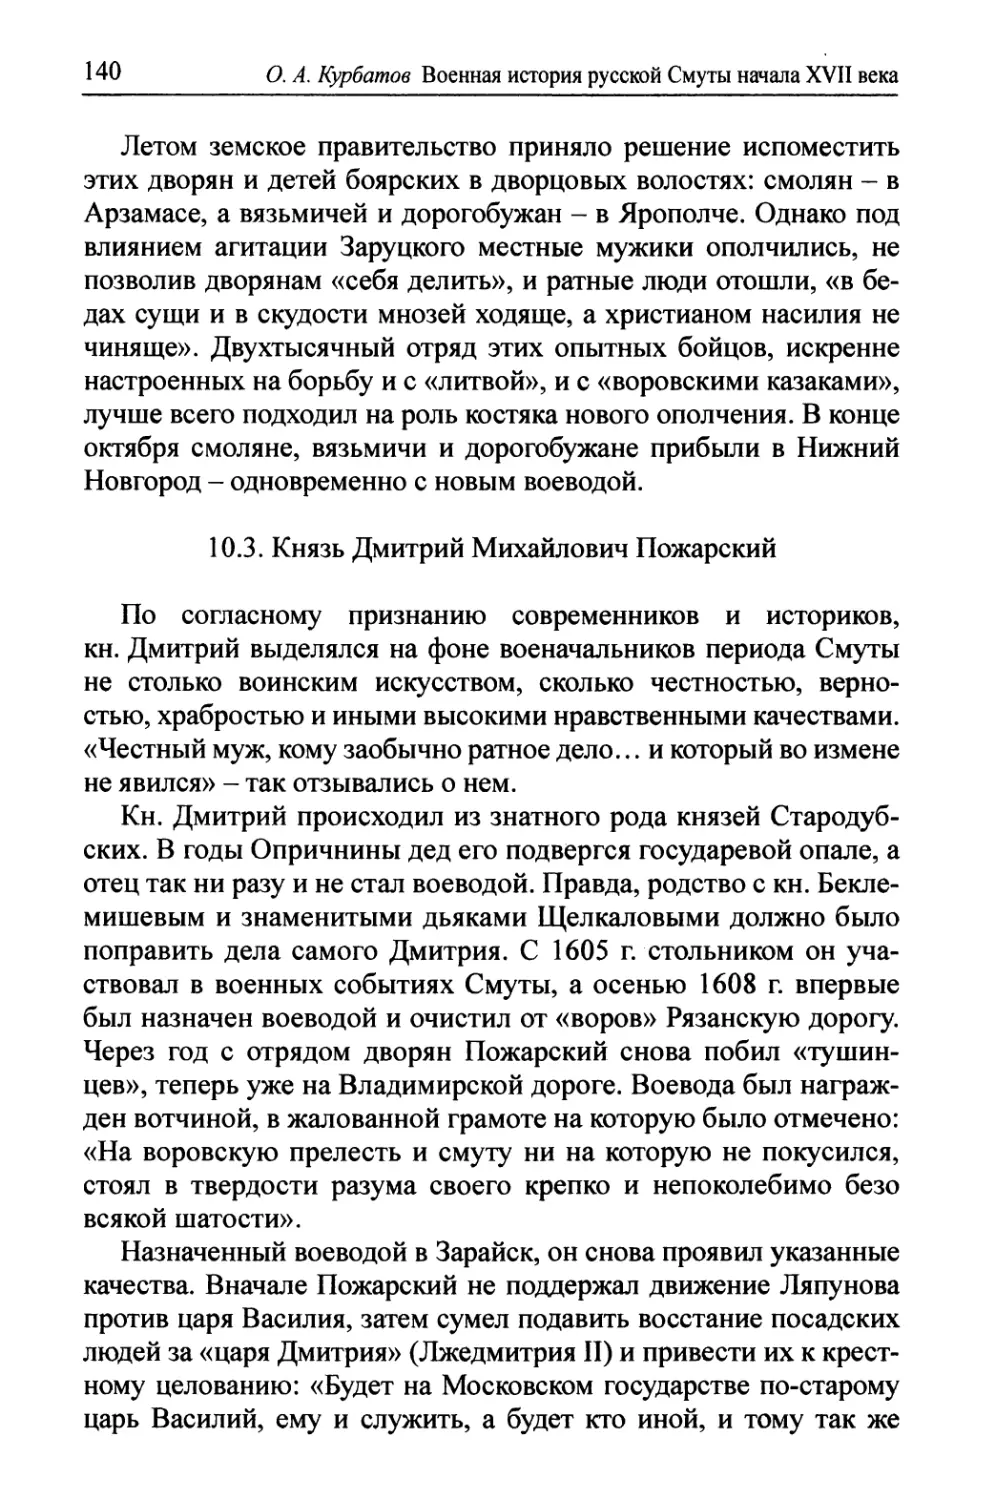 10.3. Князь Дмитрий Михайлович Пожарский
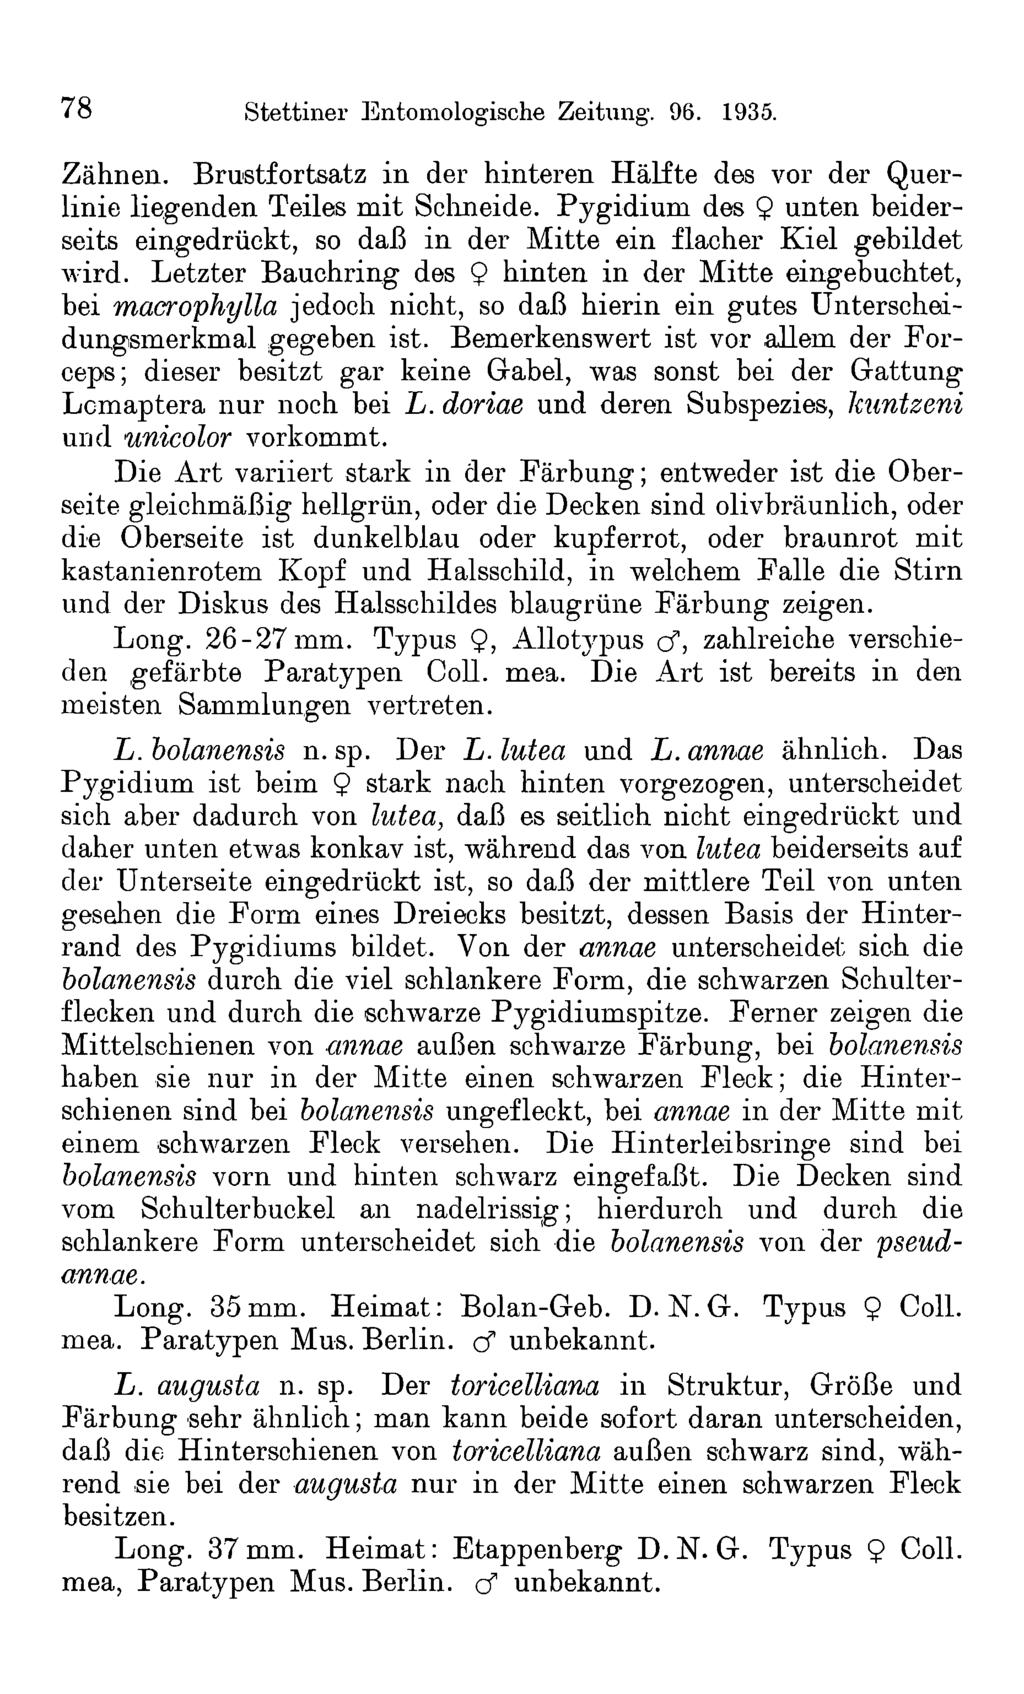 78 Stettiner Entomologische Zeitung. 96. 1935. Zähnen. Brustfortsatz in der hinteren Hälfte des vor der Querlinie liegenden Teiles mit Schneide.
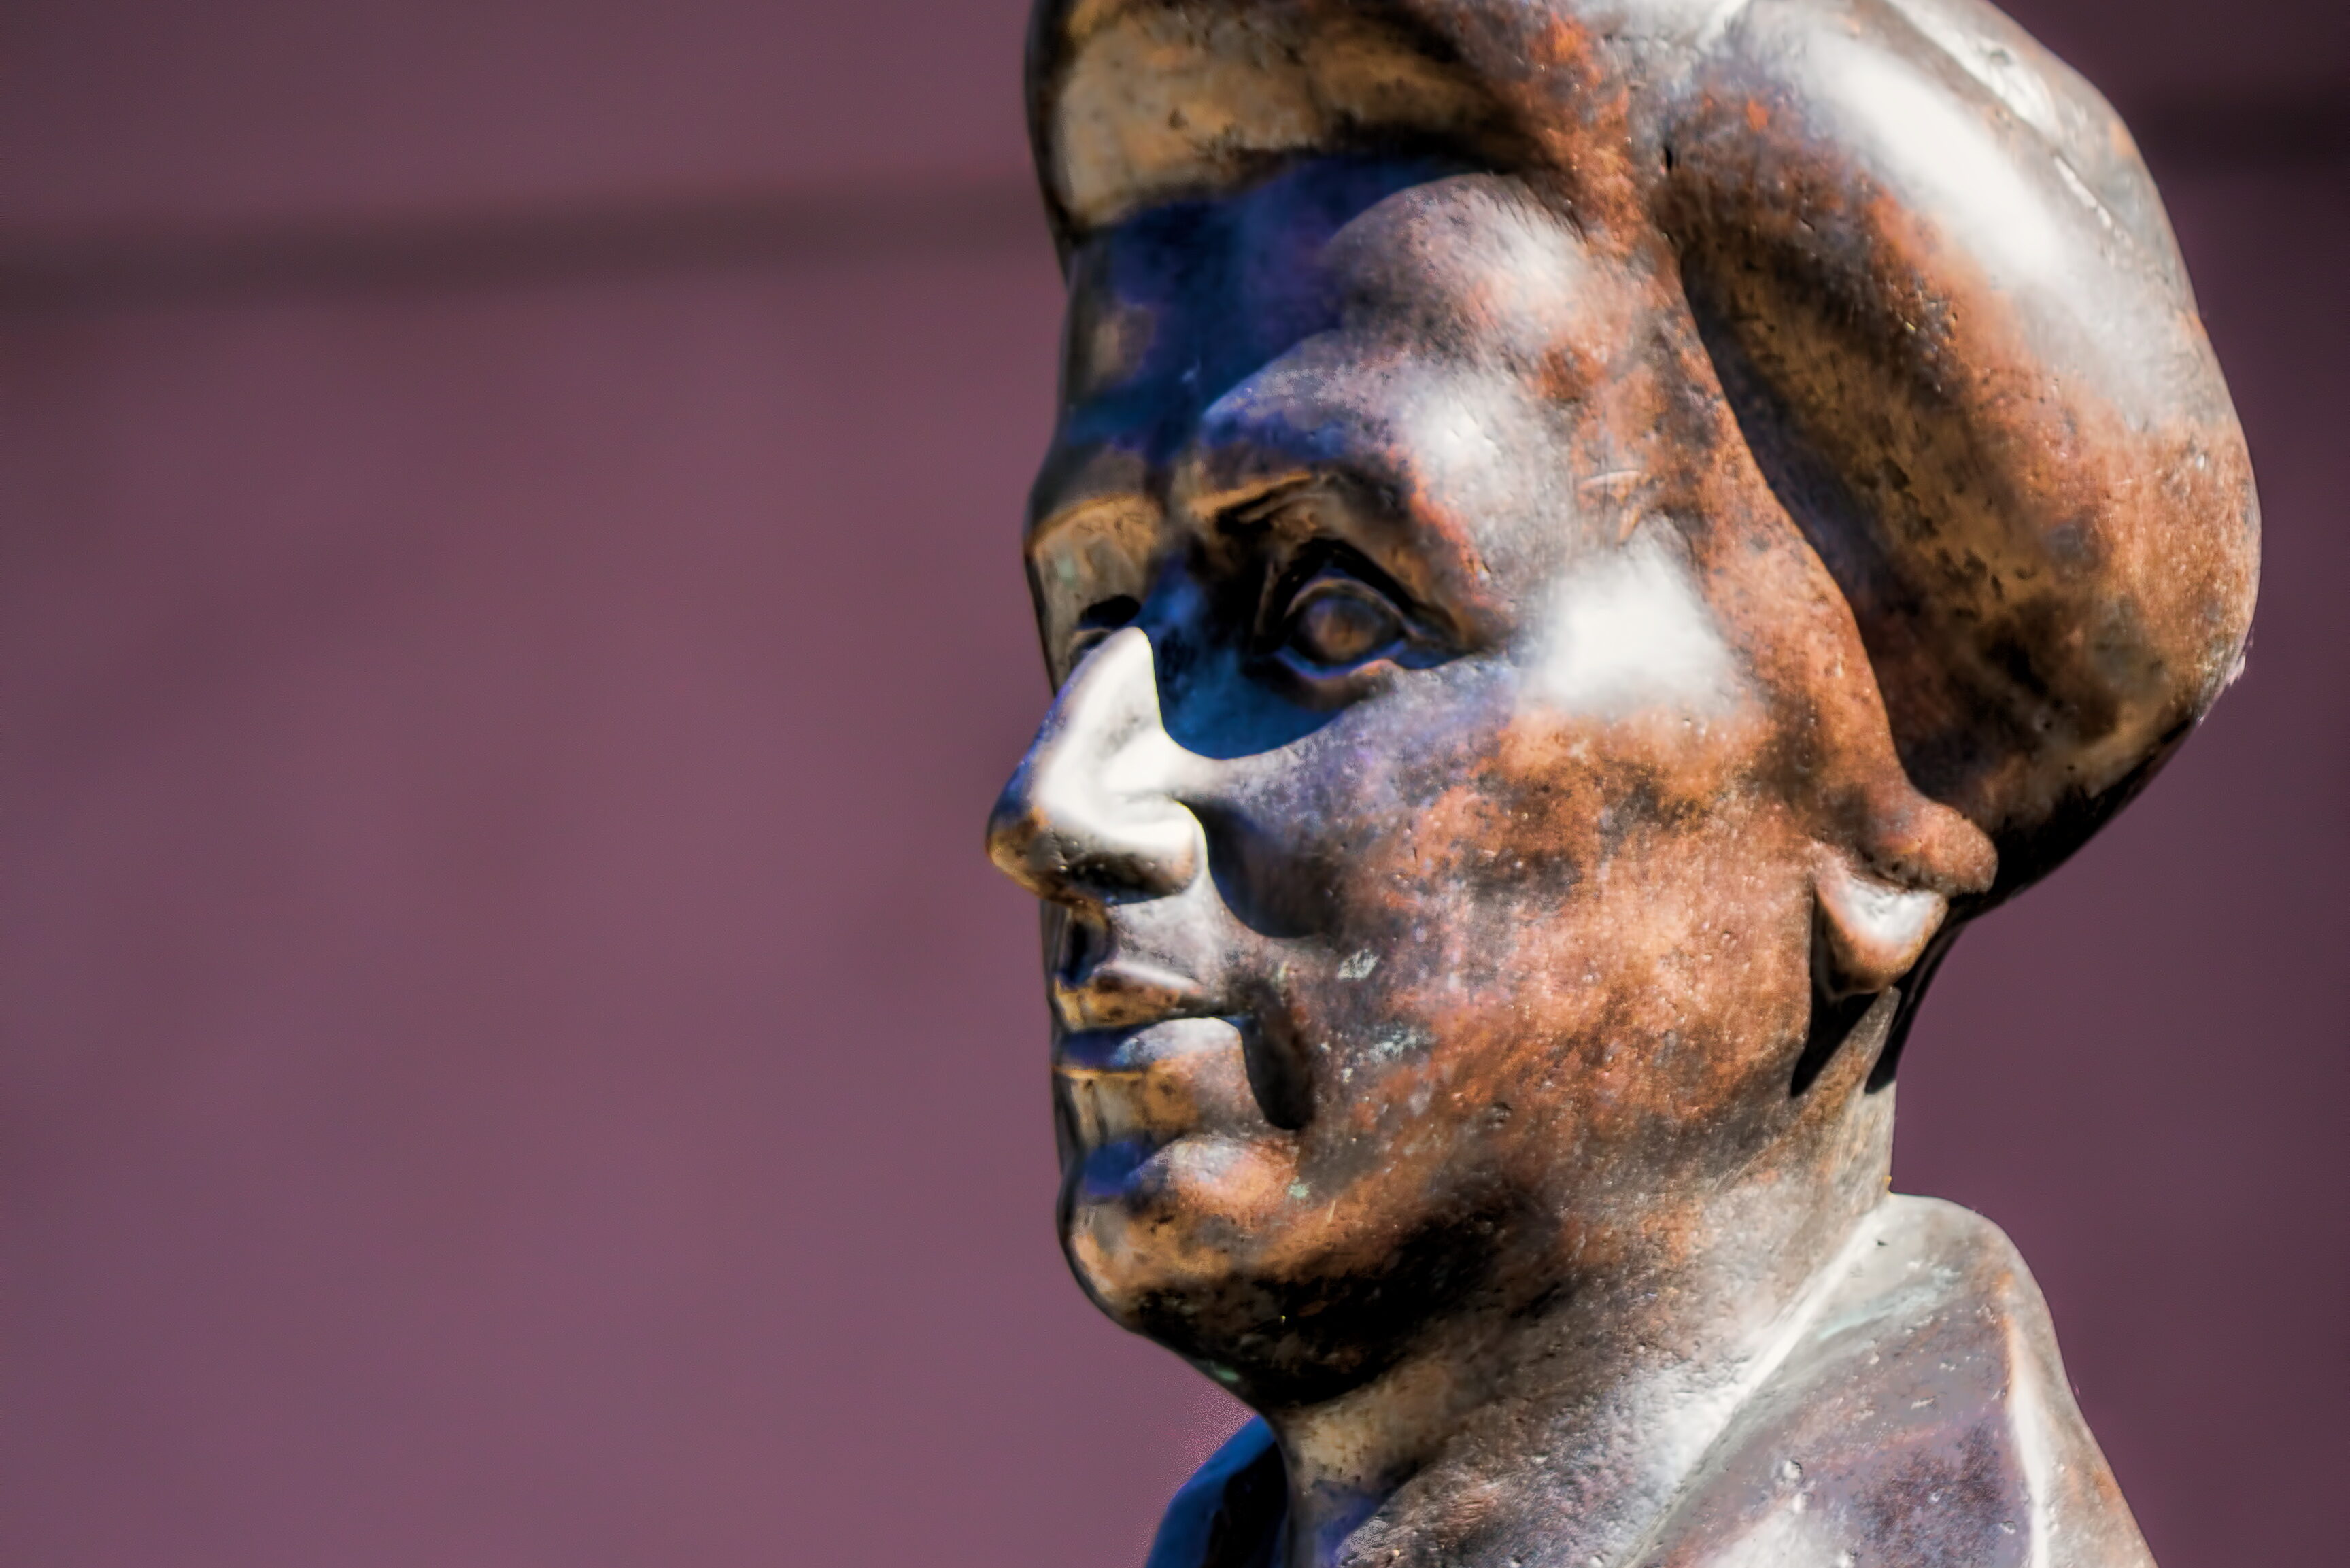   So lange das Kapital herrscht | Zum 150. Geburtstag von Rosa Luxemburg gibt es ein Denkzeichen für Leipzig
════════
Write the listing above out again word for word, excluding all images.

 10.3. Князь Дмитрий Михайлович Пожарский
 78 Stettiner Entomologische Zeitung. 96. 1935. Zähnen. Brustfortsatz in der hinteren Hälfte des vor der Querlinie liegenden Teiles mit Schneide.
   So lange das Kapital herrscht | Zum 150. Geburtstag von Rosa Luxemburg gibt es ein Denkzeichen für Leipzig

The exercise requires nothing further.